Ein guter Wasserabzug muss gesichert sein. Deshalb füllt man unten ins Pflanzgefäß grobe Tonscherben oder Kies ein, darüber kommt eine zentimeterdicke Splittschicht. Unter die Kübelpflanzenerde sollte man auch noch Sand mischen, damit Wasser immer gut abfließen kann.

Blut- und Feuersalbei kann man aus Samen im Frühjahr selber groß ziehen, allerdings muss man für ideale Bedingungen bei der Anzucht sorgen, damit die Jungpflanzen zügig heranwachsen und tatsächlich im Juli oder August groß und stark genug sind, um anhaltend zu blühen.

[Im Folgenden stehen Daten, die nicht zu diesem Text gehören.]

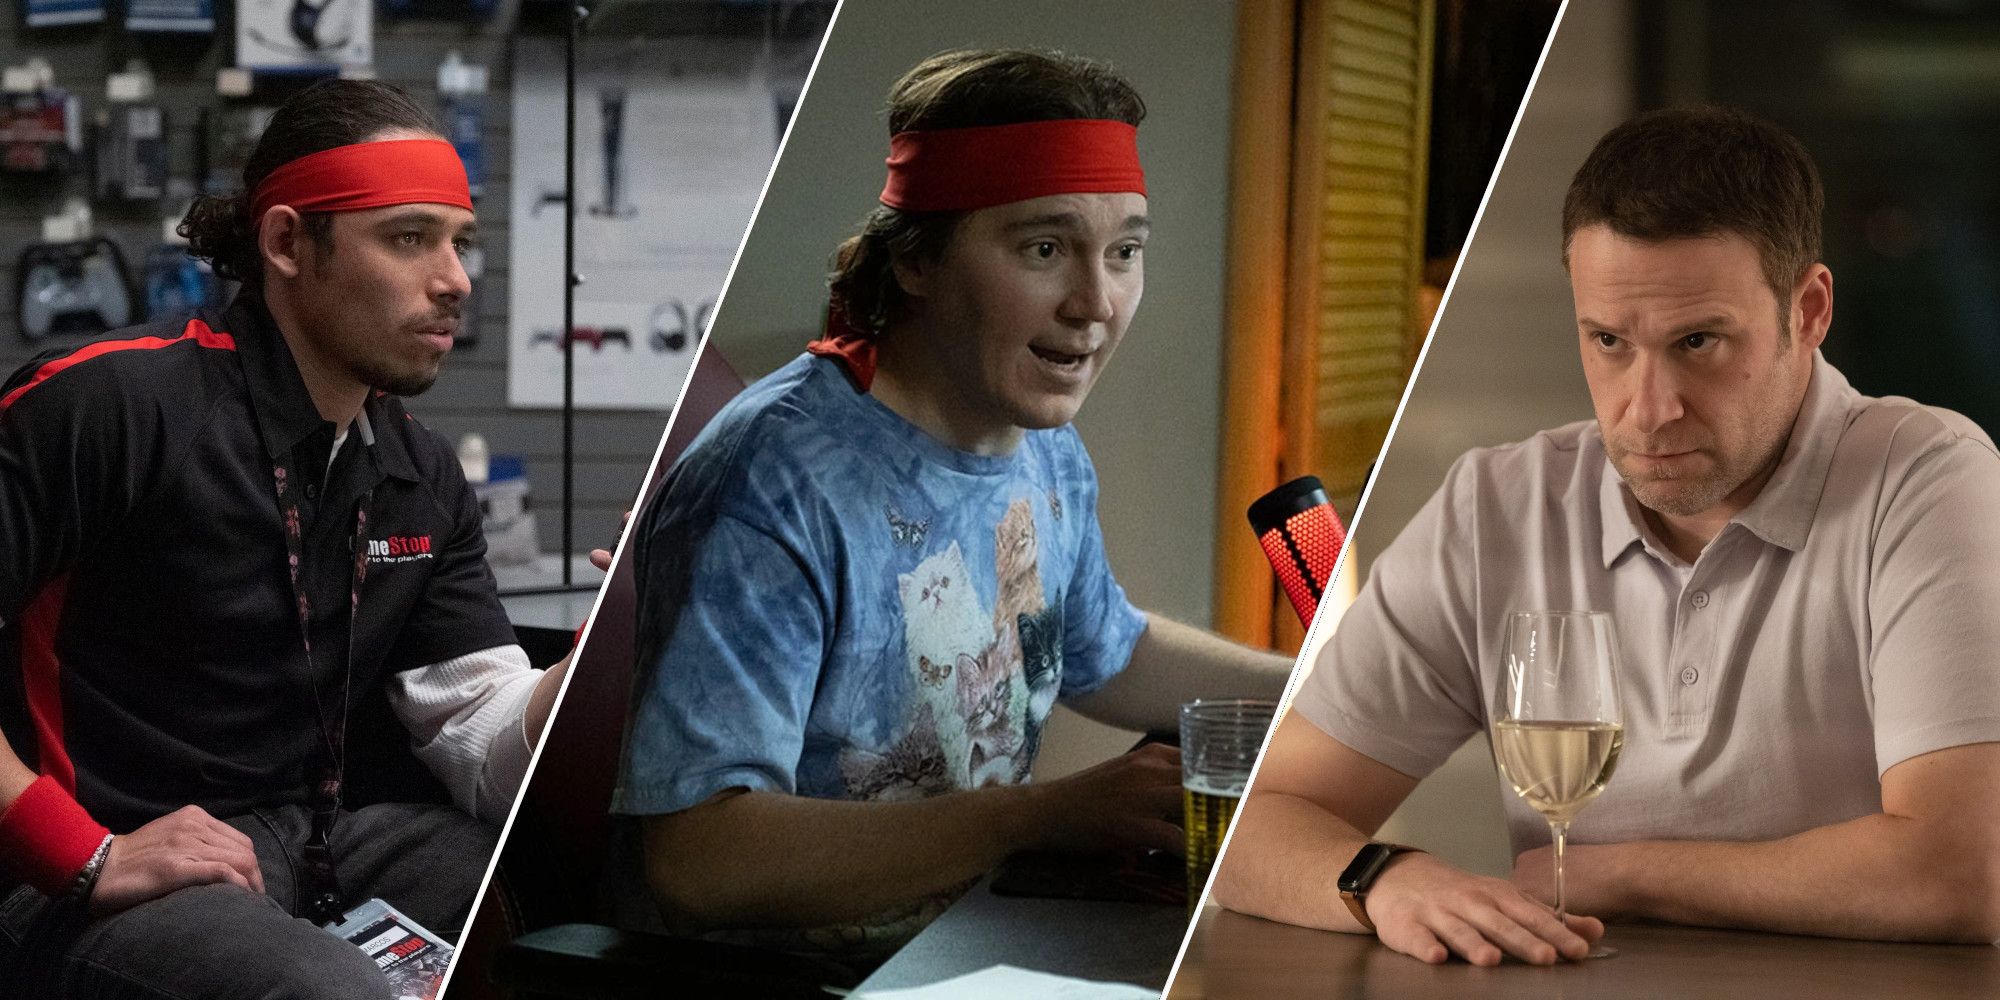 A collage of characters in the film Dumb Money, featuring characters portrayed by Anthony Ramos, Paul Dano, and Seth Rogen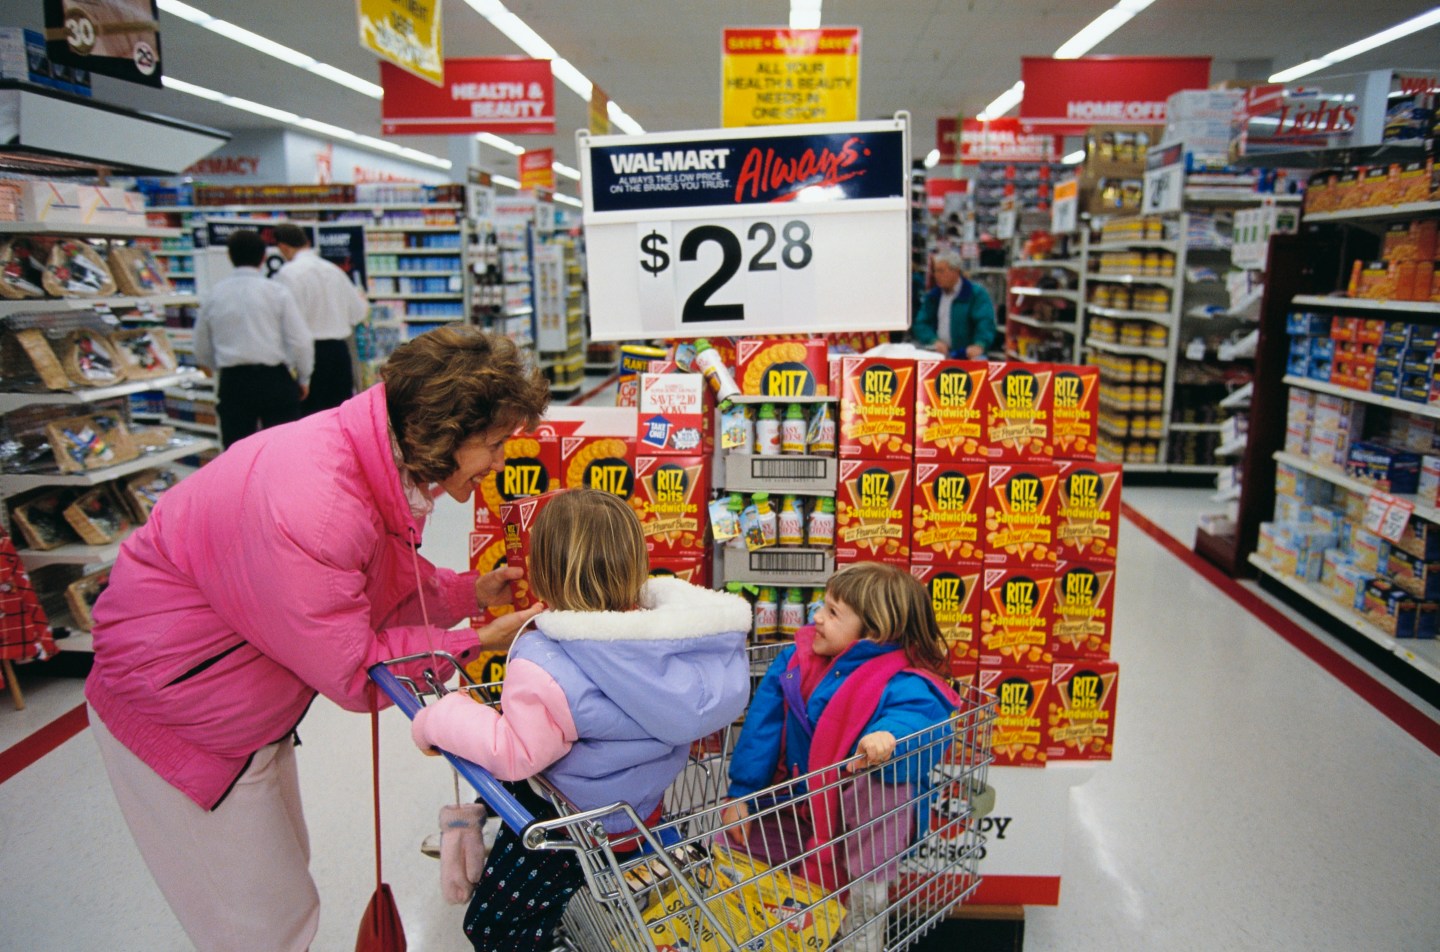 (Original Caption) Wal-Mart stores offer significant savings. (Photo by © Ralf-Finn Hestoft/CORBIS/Corbis via Getty Images)

Größere Gewächse kauft man besser im April aus gärtnerischer Anzucht und setzt die Pflanzen frühzeitig zum Einwurzeln ins Beet oder ins Pflanzgefäß. Buschiger entwickeln sich die Pflanzen, wenn man anfangs die Triebspitzen auszwickt. In der Folge entwickeln sich mehr Seitentriebe und dadurch mehr Blütenstände, die allerdings zeitverzögert aufblühen.

Mäßig berauschende Wirkung

Blut -und Feuersalbei haben nur ein geringes Potenzial als Rauschmittel. In allen Pflanzenteilen sind Stoffe enthalten, die angeblich die Stimmung aufhellen, beruhigend wirken und das Empfinden von Träumen verstärken können.
Aus Blättern und Blüten einen Tee zu bereiten oder das getrocknetes Pflanzenmaterial zum Rauchen beziehungsweise Räuchern zu verwenden, ist allerdings keine so gute Idee, zumal die Zusammensetzung und die Konzentration der Inhaltsstoffe zwischen den Pflanzen und sogar den einzelnen Pflanzenteilen sehr stark schwanken können.